Pour ce faire, nous présenterons brièvement les trois systèmes éthiques majoritairement représentés dans les débats publics et parlementaires : il s’agit du naturalisme, du kantisme et de l’utilitarisme. Après une brève présentation du contenu, de l’histoire et de l’influence actuelle de chaque système, nous nous livrerons à une évaluation chrétienne de ceux-ci.

2. Le naturalisme

Le terme naturalisme possède de nombreux sens différents3, mais celui que nous souhaitons retenir dans le cadre de notre réflexion est "qui prend la nature pour norme de l’action humaine". Ainsi, lorsque l’éthicien naturaliste se penchera sur la valeur morale d’une action, il se demandera si celle-ci est conforme ou non à la nature des choses et, en cas de conformité, l’action sera dite bonne.
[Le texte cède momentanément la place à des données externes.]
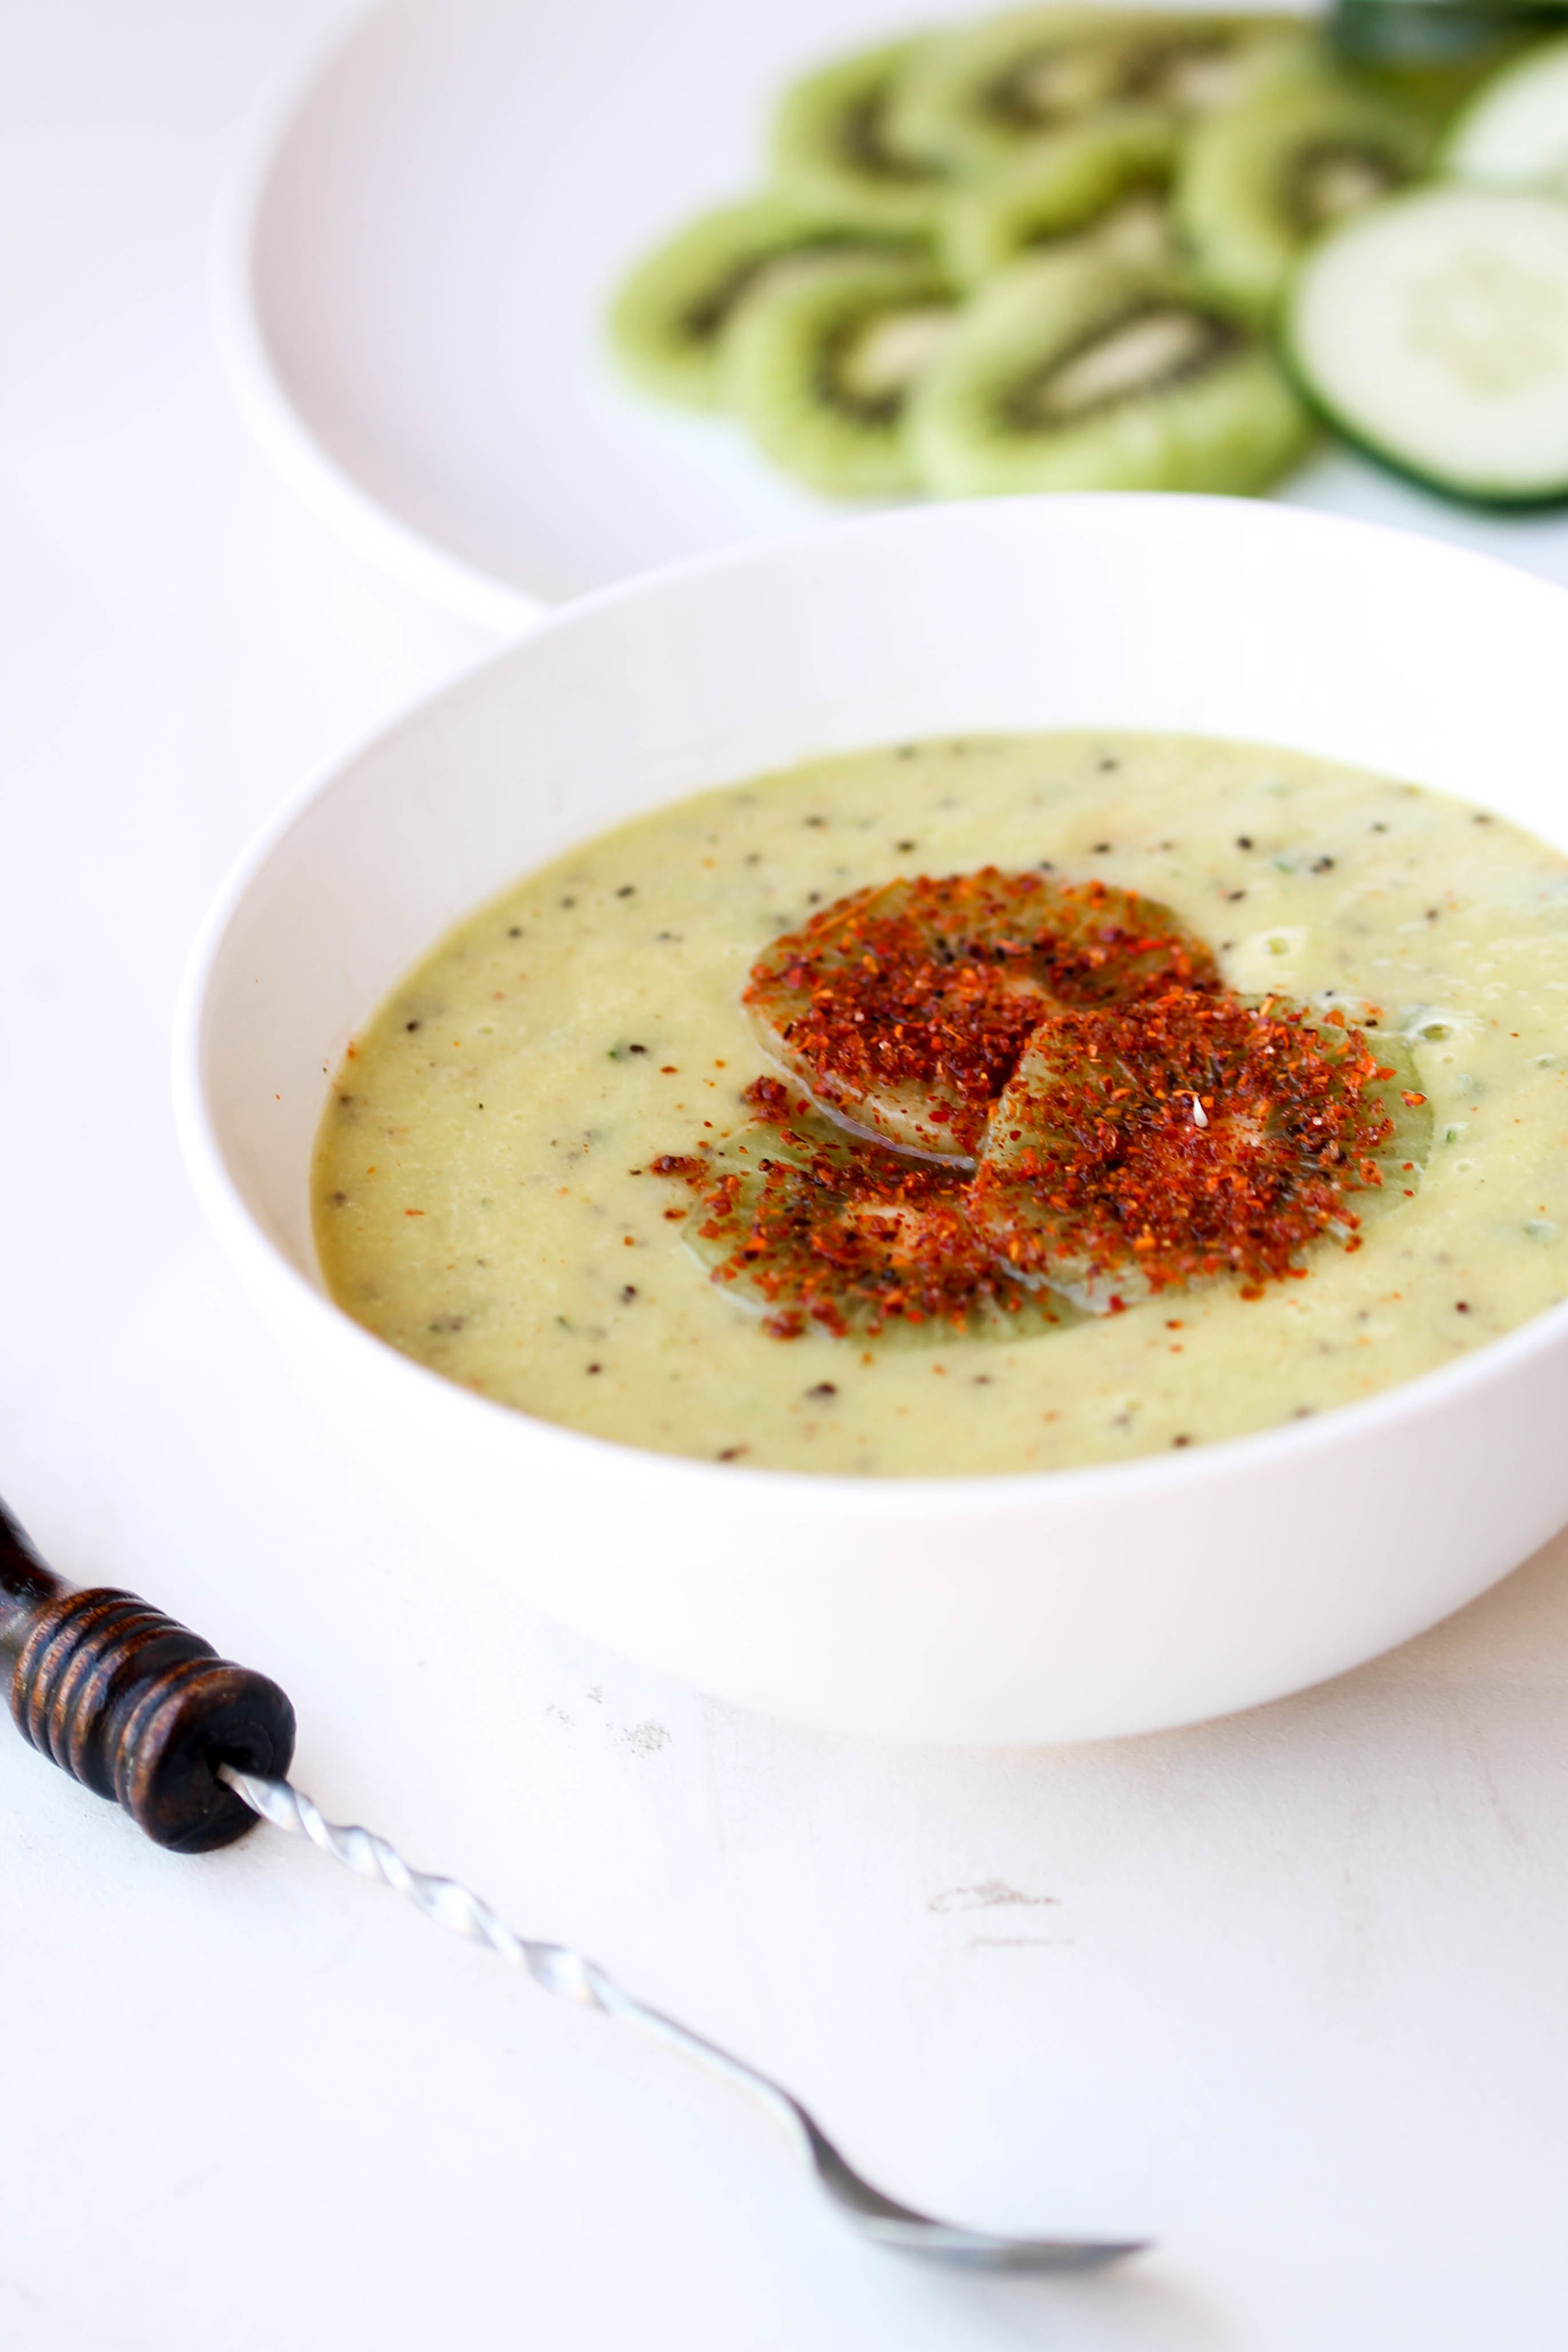 Chilled Kiwi Cucumber Soup : easy, refreshing naturally vegan, gluten-free soup that is ready in 30 minutes or less!
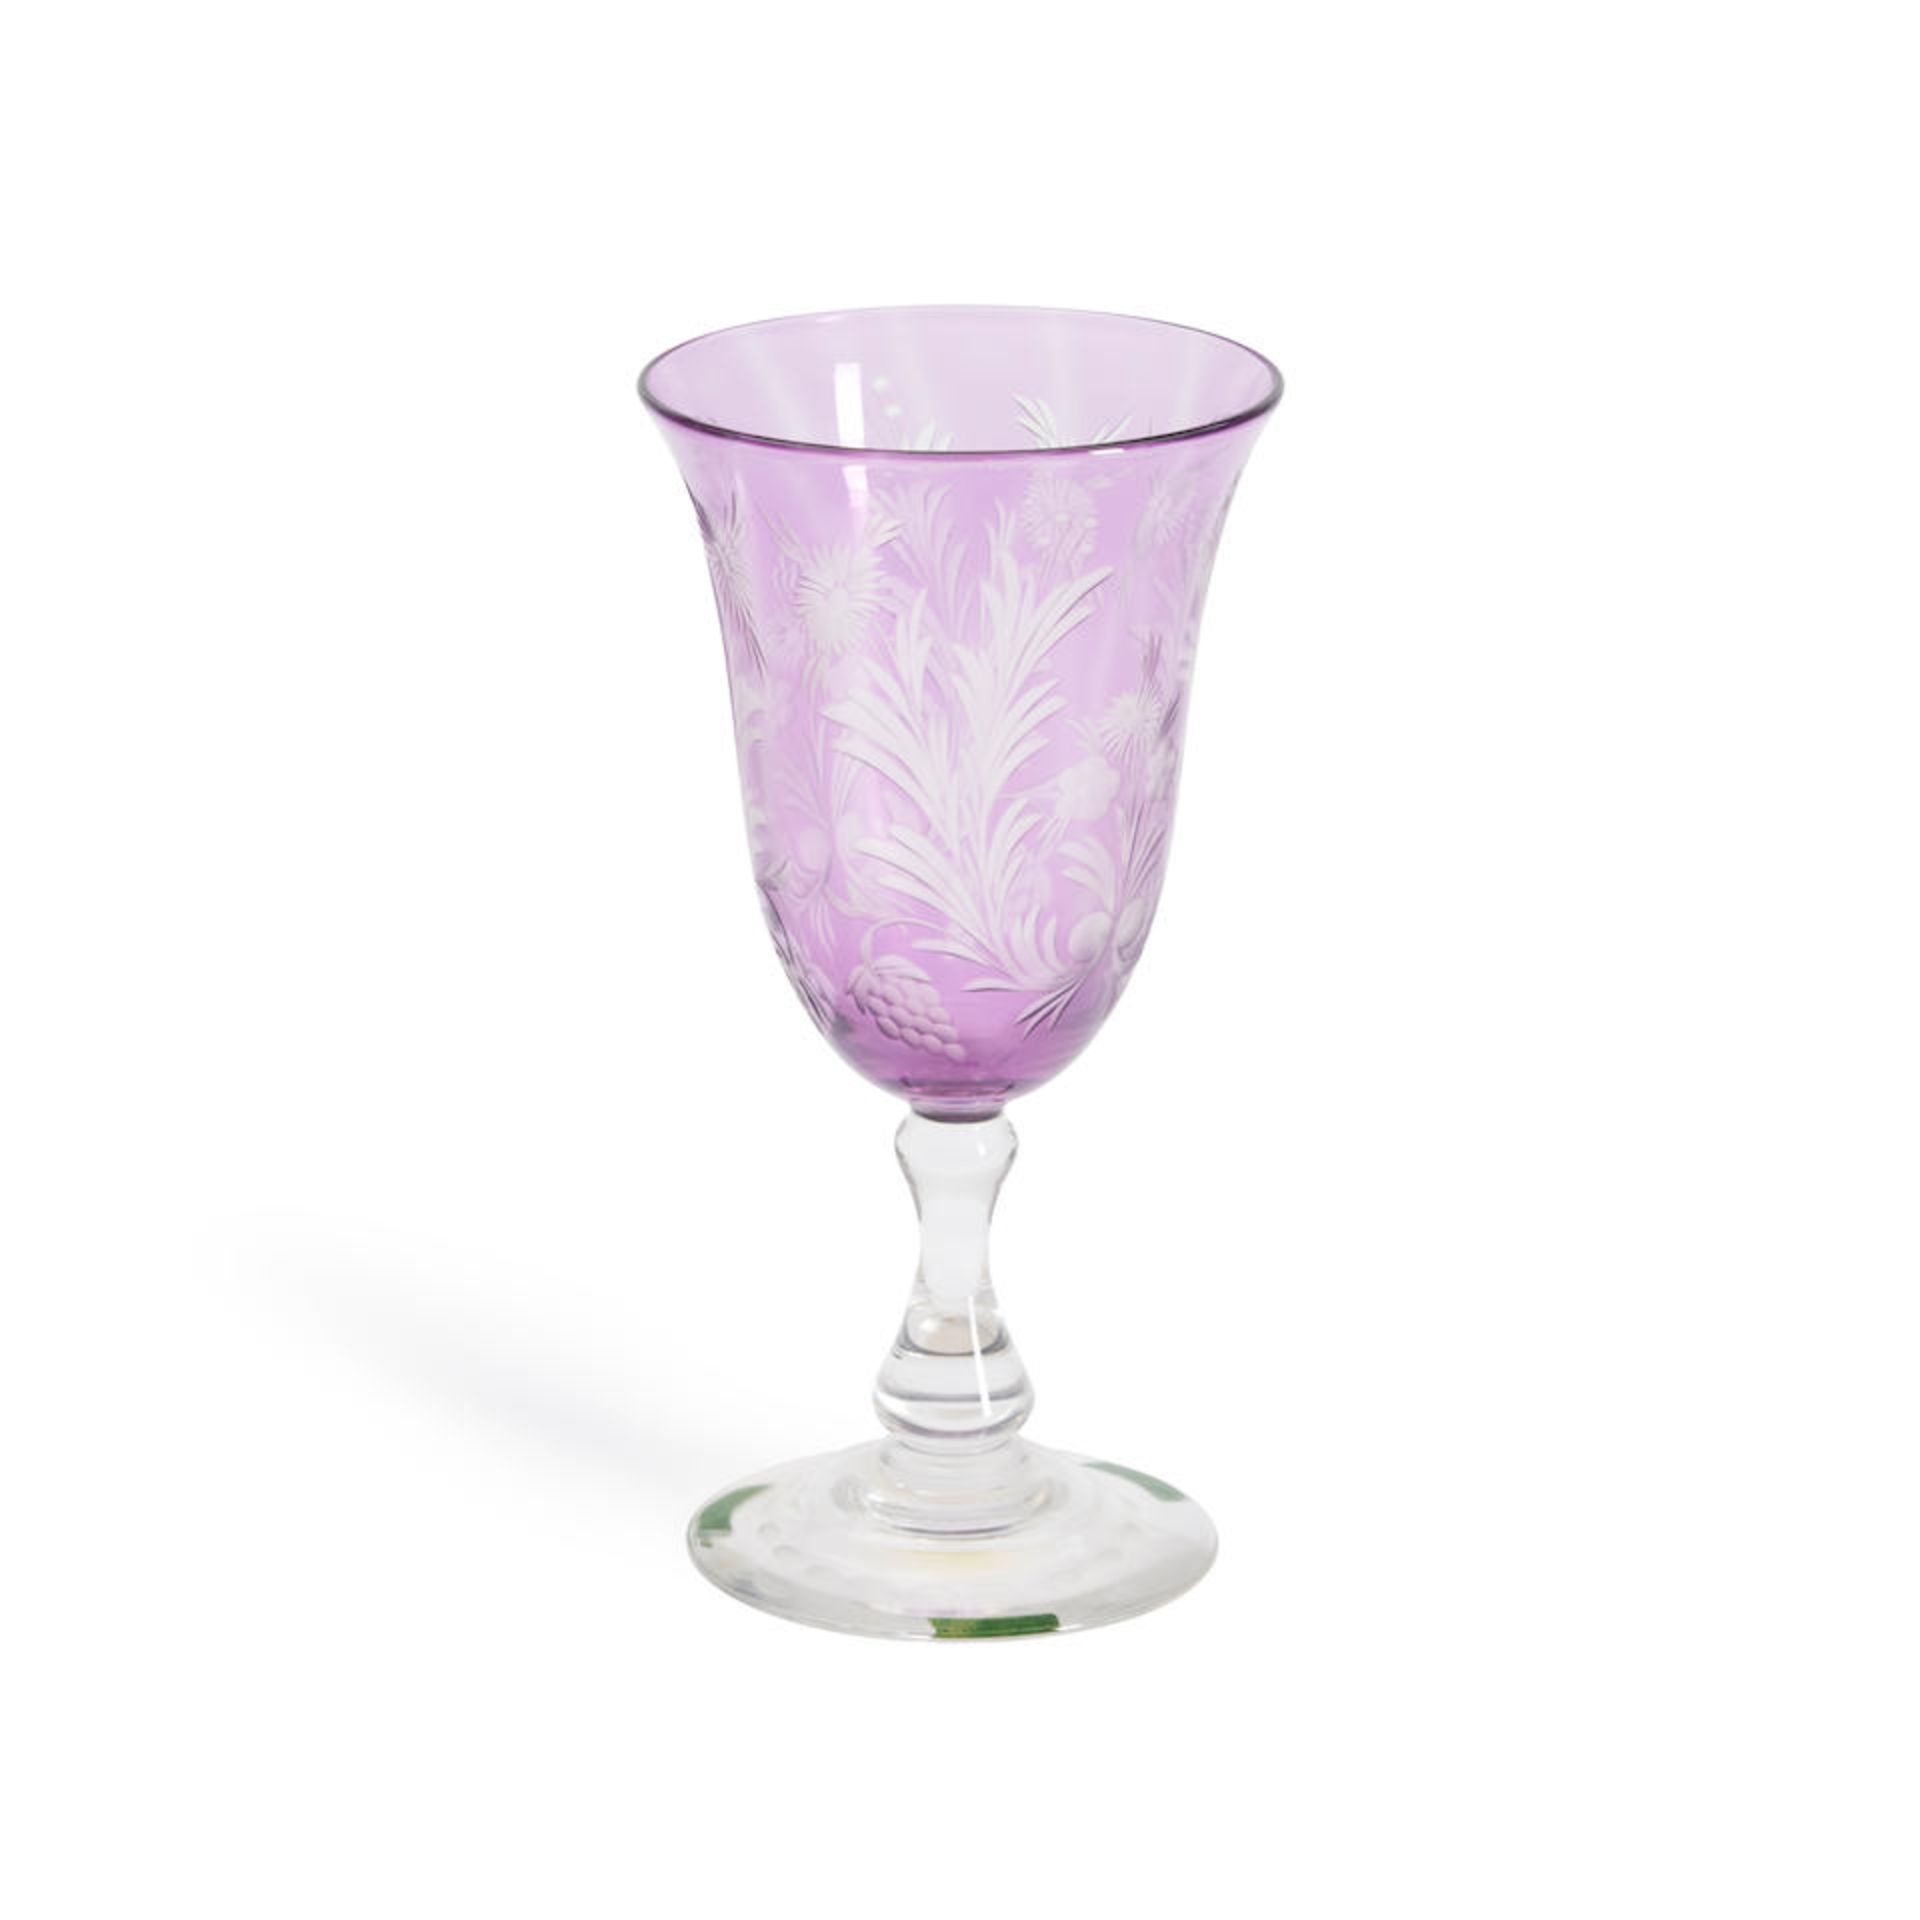 STEUBEN 'HUDSON' PATTERN ENGRAVED GLASS GOBLET, Corning, New York, early 20th century, unmarked,...

Par exemple, lorsqu’on affirme que l’homosexualité est mauvaise parce que "contre-nature", on développe une argumentation naturaliste.

Le naturalisme a une très longue histoire. Pour être très bref, disons que l’Antiquité grecque et latine, ainsi que le Moyen-Age furent des époques pendant lesquelles le naturalisme (au sens où nous venons de le définir) était la doctrine morale dominante. Ce courant connut un vaste déclin à partir des Temps Modernes (dès le XVIIe siècle) avec la naissance de la philosophie et de la science modernes (nous reviendrons sur ce fait au prochain point, lorsque nous traiterons du kantisme). Aujourd’hui, le naturalisme est principalement défendu par l’Eglise catholique romaine4 et par différents mouvements écologistes5. Méprisé par les philosophes et les éthiciens, rejeté par presque tout le monde quand il est développé dans sa version catholique romaine, le naturalisme version écologiste emporte malgré tout l’adhésion de plusieurs. Ce fait ressort notamment des discussions actuelles relatives aux organismes génétiquement modifiés (les fameux OGM) et aux conditions imposées à la recherche biomédicale. La sympathie que s’attire un homme comme José Bové auprès des médias et du grand public montre également que ce naturalisme écologiste possède une certaine audience.

3. Le kantisme

Le deuxième système éthique que l’on rencontre couramment dans notre société est le kantisme, système développé par le philosophe allemand de la fin du XVIIIe siècle, Emmanuel Kant. Le kantisme s’inscrit dans la lignée de la pensée moderne telle qu’elle s’est développée à partir du XVIIe siècle, notamment avec le philosophe français René Descartes, et se distingue par son caractère fortement anti-naturaliste.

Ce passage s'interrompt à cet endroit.